A first lesson is readily available in the economic history of Australia’s post-World War II government. The era of post-War reconstruction is one of the most innovative and effective moments in the history of Australian public policy. This has been superbly chronicled in what is arguably his finest book by Stuart MacIntyre (Australia’s Boldest Experiment: War and reconstruction in the 1940s, see especiallych. 4). Policies that emerged from this unprecedented period of public policy innovation include Australia’s successful immigration program and the Snowy Mountains Hydroelectric Scheme.

What is especially noteworthy about this era is the role of the government in initiating and directing the projects that would build Australia’s economy and society so successfully in the post-War years. Government, not the private sector, took the lead and set the Australian economy on the path to prosperity. Equally noteworthy is how conservative governments (including Labor governments) have deviated from this path, to the detriment of Australians’ standards of living and security. Neoliberalism has been the nail in the coffin of the kinds of policies that made post-War reconstruction so successful.

Post-war reconstruction in Australia is not the only example of how the state can lead in growing the economy and improving the living conditions of all its citizens. In his classic account of Japan’s “economic miracle”, Chalmers Johnson’s MITI and the Japanese Miracle recounts how the role of the state was absolutely crucial in creating the conditions for the Japanese post-War economy becoming the biggest economy in the world into the 1970s (see Ezra Vogel, Japan as No. 1). It might have remained so if Yasuhiro Nakasone, Prime Minister in the 1980s and pliant friend of Ronald Reagan, had not obeyed his mate’s advice to Reaganise the Japanese economy. It has been all downhill ever since.

It would be a gift to the Australian people if, with the forthcoming cabinet reshuffle, Frydenberg could be relieved of the treasury portfolio.

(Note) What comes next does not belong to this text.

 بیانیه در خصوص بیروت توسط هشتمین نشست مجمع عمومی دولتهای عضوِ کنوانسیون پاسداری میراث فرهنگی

Probably Dave Sharma would be the best of a bad lot to take on that job. He is clearly intellectually head and shoulders above the rest of the Liberal pack in the parliament. Jim Chalmers would do an even better job.

What Australia urgently needs is for governments to step up and initiate a wide range of infrastructure developments across the country. At the very forefront should be a huge increase in public housing development, following principles and policies recommended by the late Hugh Stretton (see for example his Housing and Government). Then the government must provide the conditions for Australia to become the world’s leading clean energy technology innovator. The country desperately needs a fast train network to connect first the eastern states and eventually extending through Adelaide to Perth. These and similar nation building projects are needed as never before.

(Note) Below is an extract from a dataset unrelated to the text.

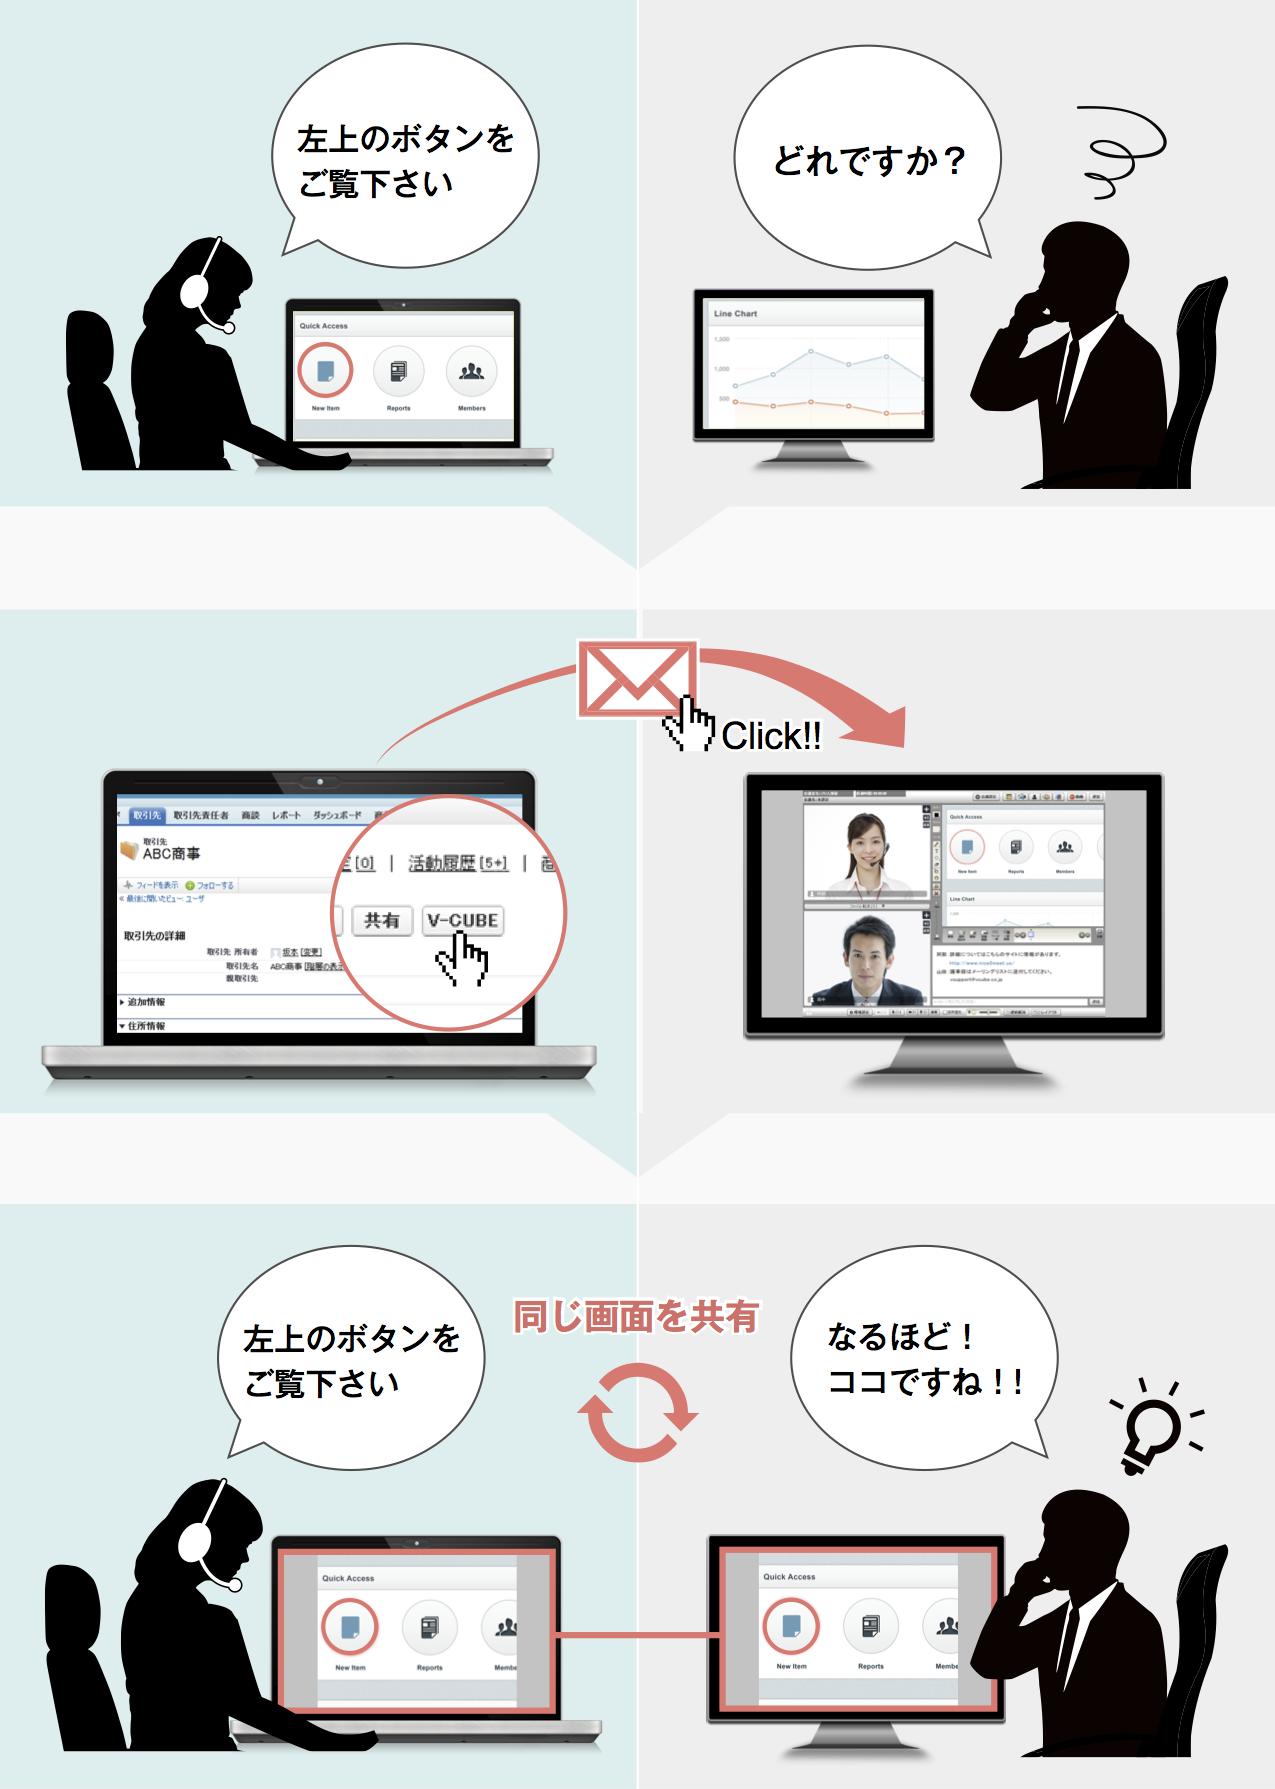 https://cdn2.hubspot.net/hubfs/1970584/jp/image20130827_01.png

Boldness has to become Australia’s economic friend as our politicians chart the course to lead the country into a post-COVID-19 future. Instead of being confined to the economic margins, the state must take its rightful place in the economic policy vanguard, moving the country onward and upward. This, of course, is the very opposite of the trajectory that a return to Thatcherist and Reaganite policies would result in. Indeed, it is a trajectory that would drag the country devastatingly down at this time.

Frydenberg’s childish nostalgia is therefore very dangerous. How alarming is that!